§ **What is expected**:
Copy down every line of the data that follows exactly. Omit the pictures.

§ **Data section**:

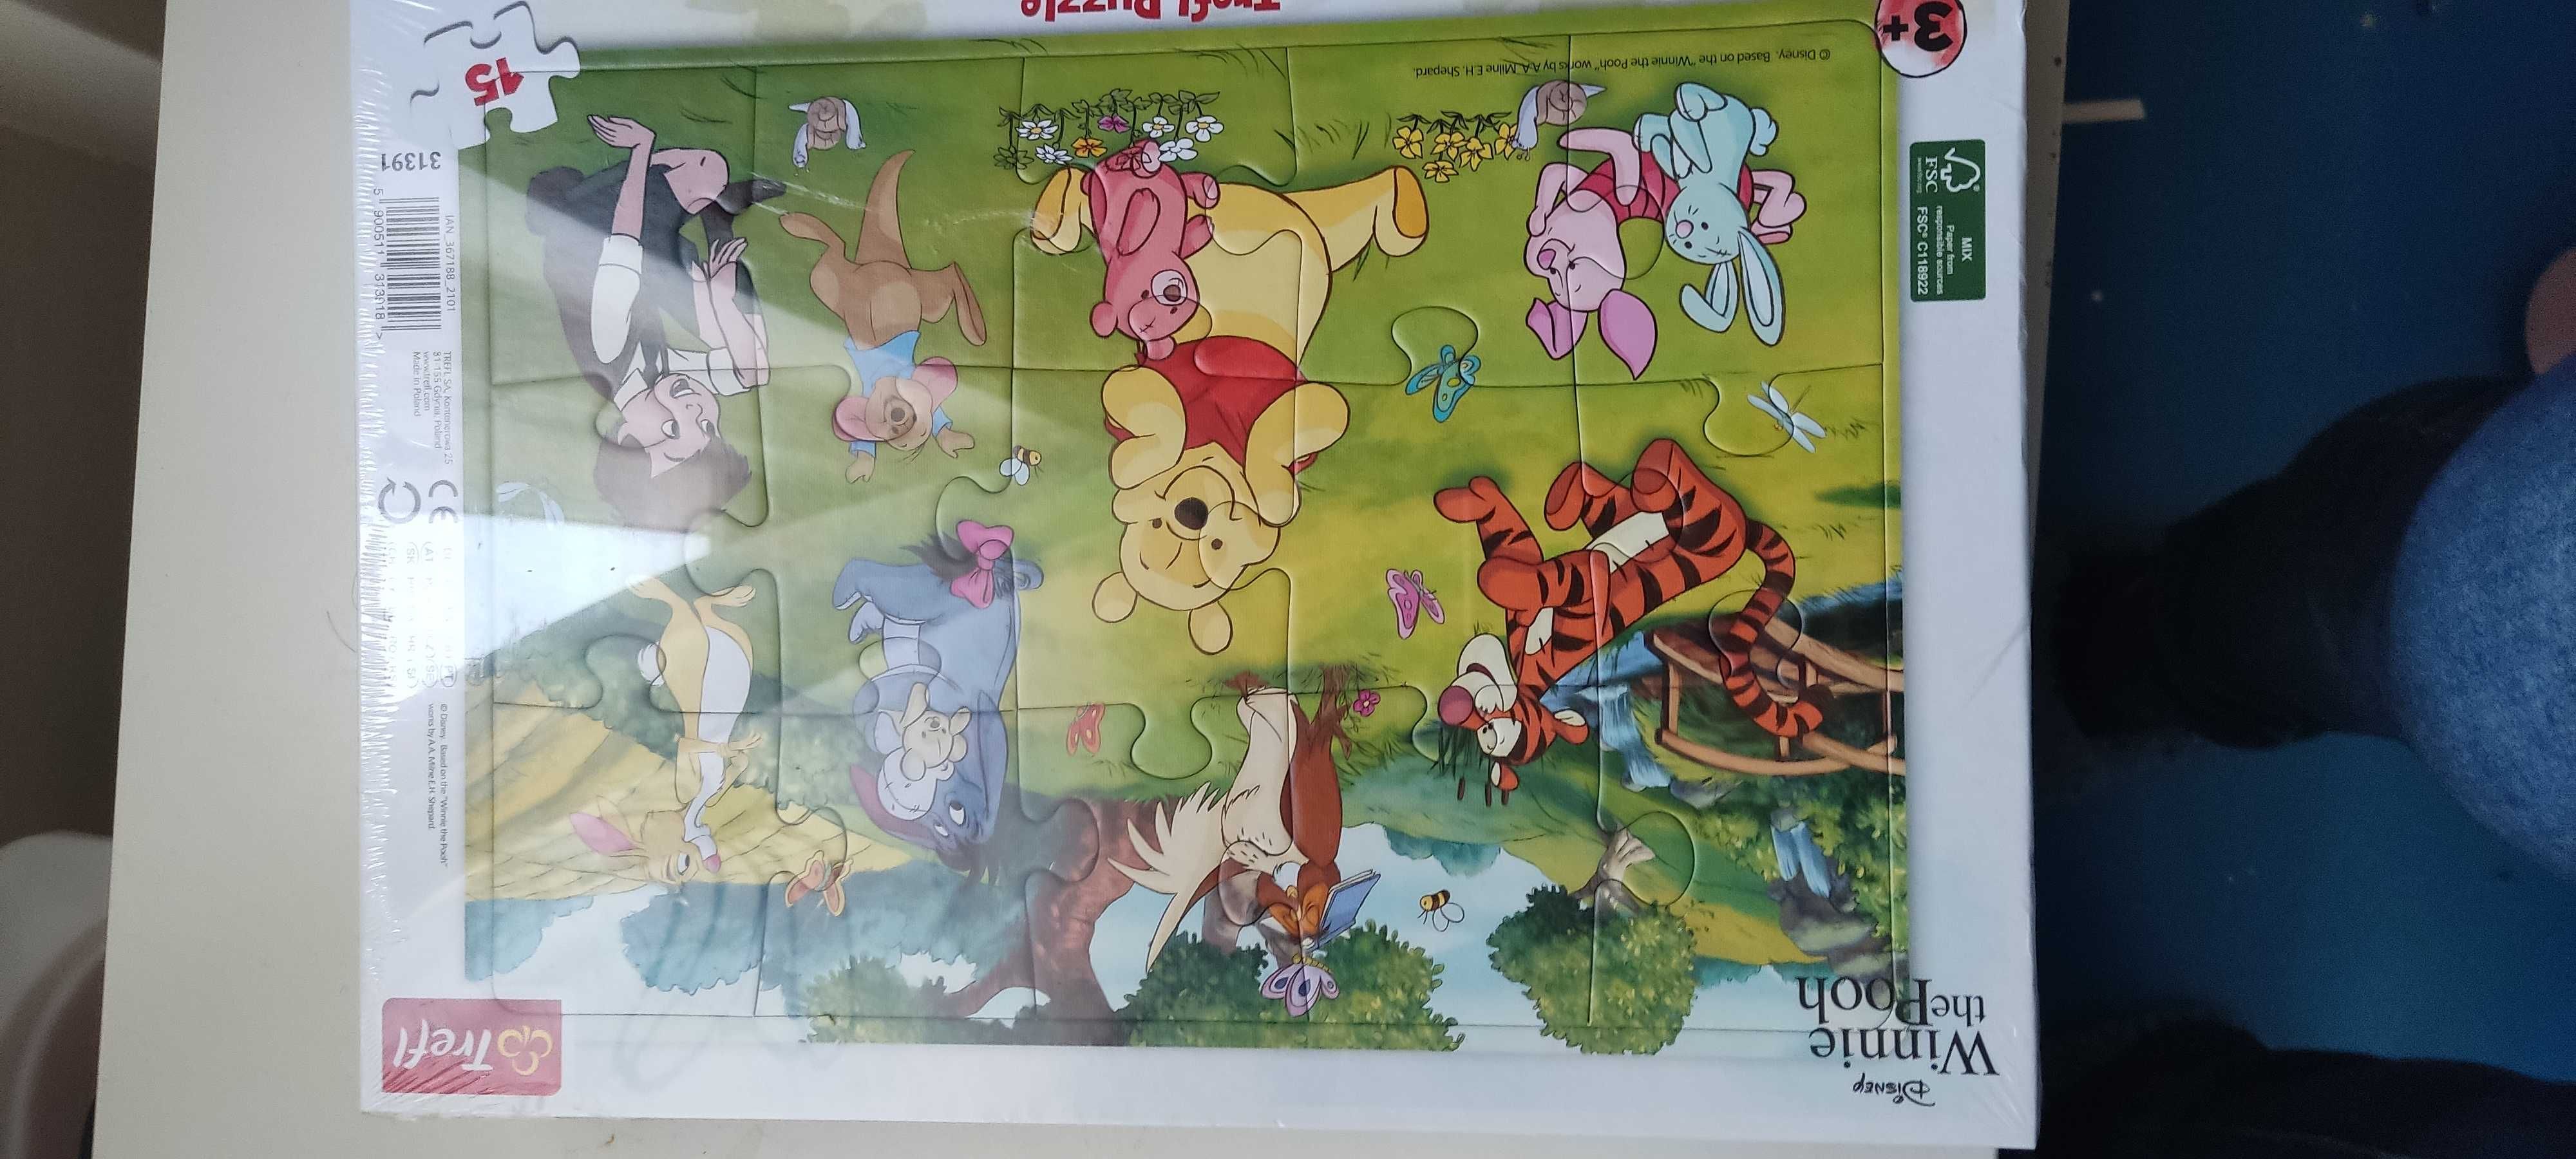 Vários Puzzles criança
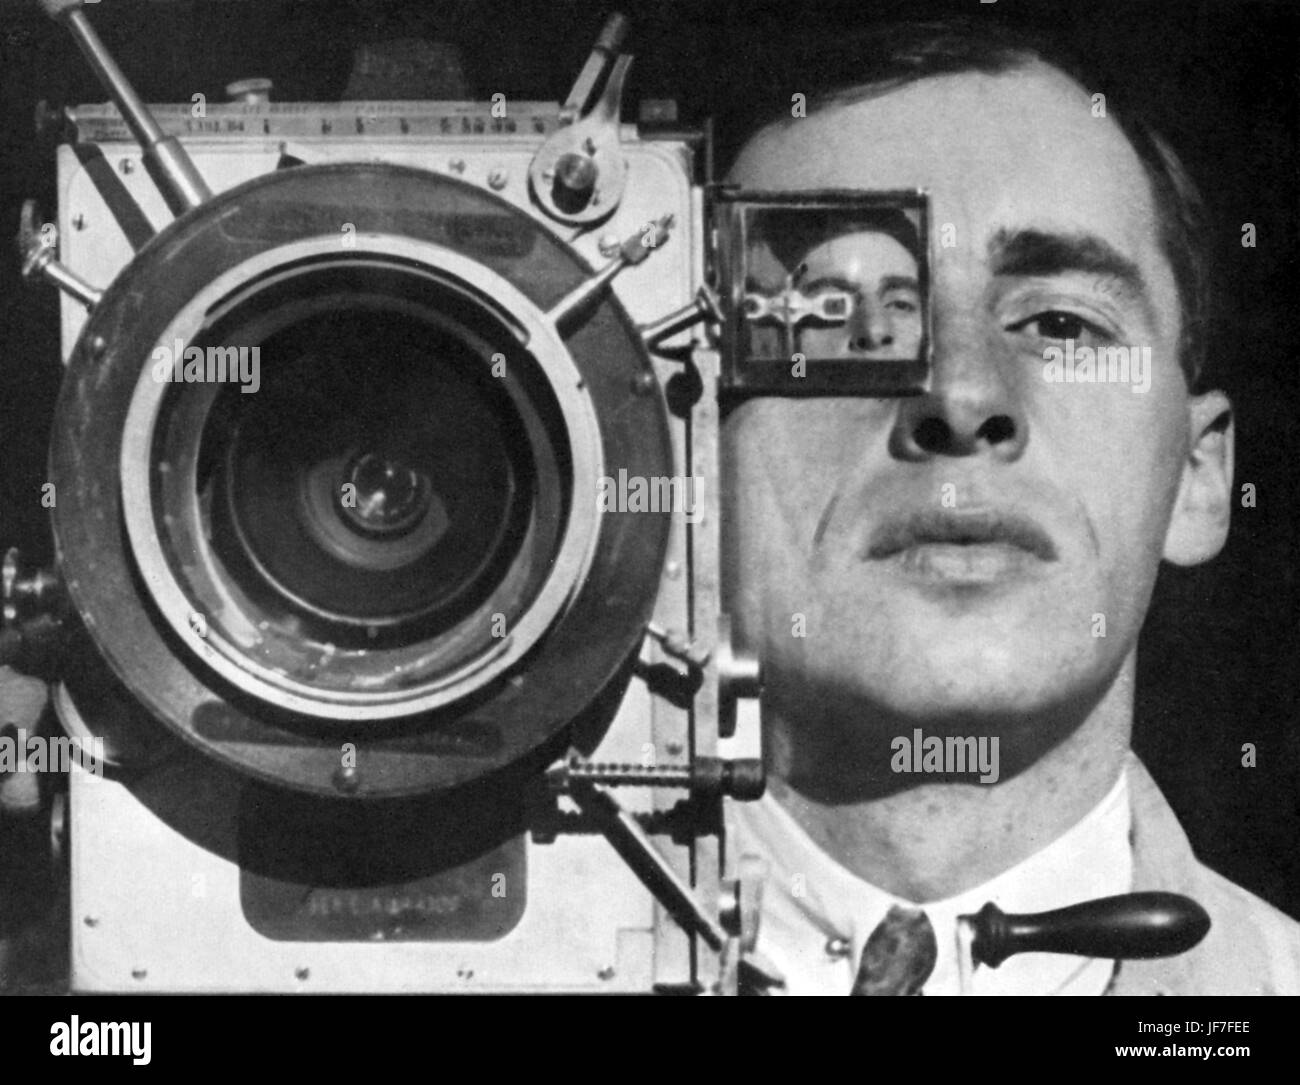 Dziga Vertov /Vertof, seudónimo de David Abelevich Kaufman, dirigió la  película el hombre con la cámara de cine (1929) donde su hermano Mijail  Kaufman plantea con una cámara tomando un autorretrato. Esta
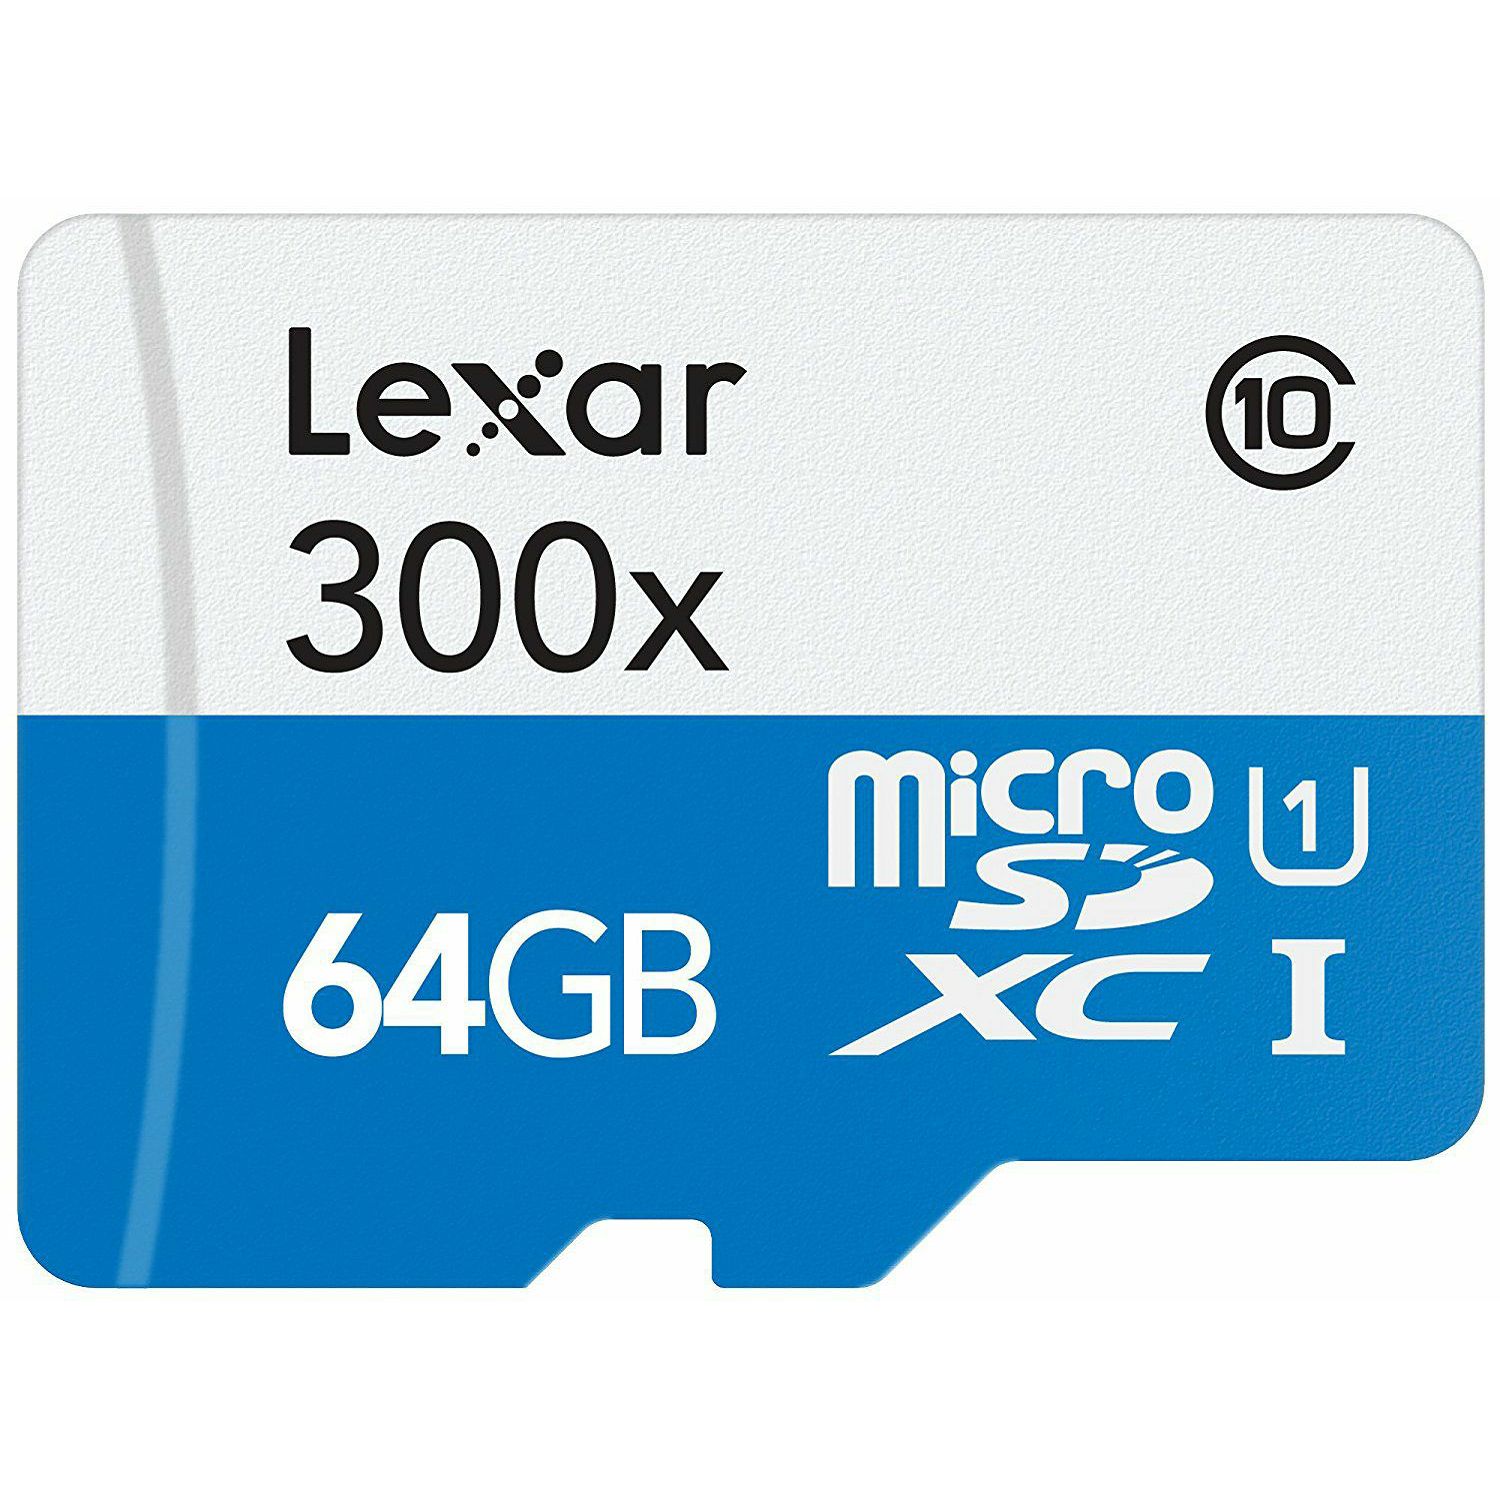 Lexar microSDXC 64GB 300x 45MB/s Class 10 High Speed memorijska kartica sa adapterom LSDMI64GB1EU300A
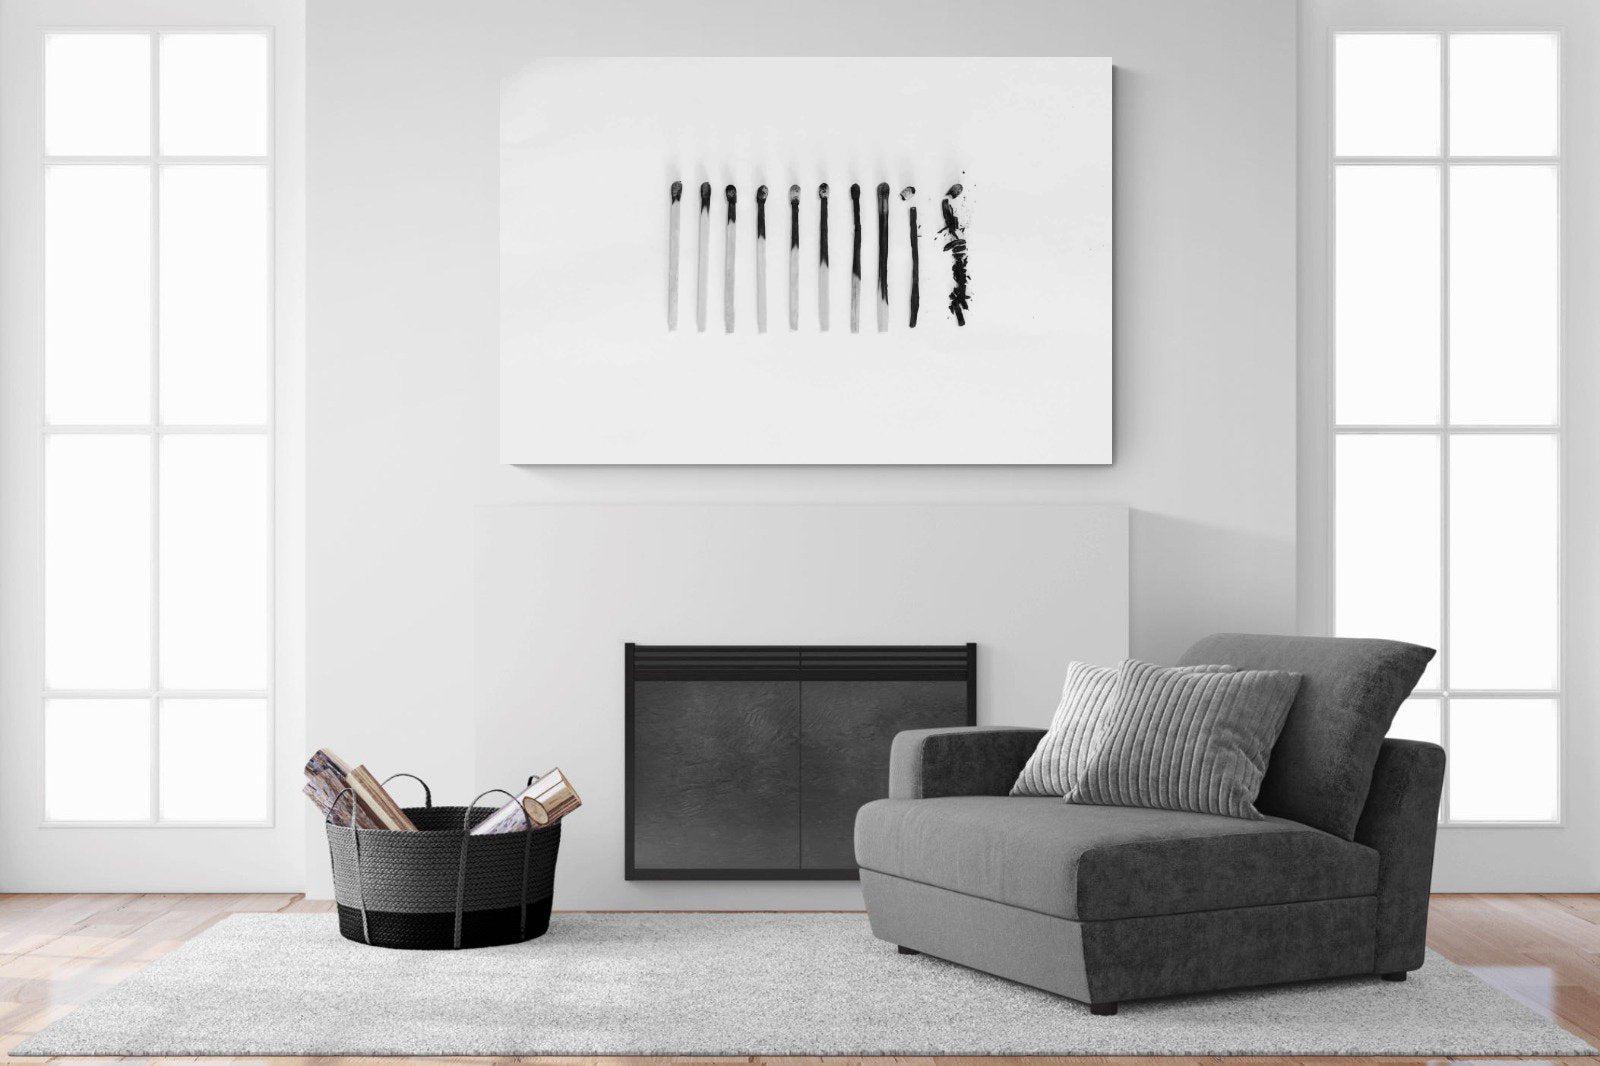 Matchsticks-Wall_Art-150 x 100cm-Mounted Canvas-No Frame-Pixalot

§ **Problem solution**:
 Vários Puzzles criança
 Dziga Vertov /Vertof, seudónimo de David Abelevich Kaufman, dirigió la  película el hombre con la cámara de cine (1929) donde su hermano Mijail  Kaufman plantea con una cámara tomando un autorretrato. Esta
 Lexar microSDXC 64GB 300x 45MB/s Class 10 High Speed memorijska kartica sa adapterom LSDMI64GB1EU300A
 Matchsticks-Wall_Art-150 x 100cm-Mounted Canvas-No Frame-Pixalot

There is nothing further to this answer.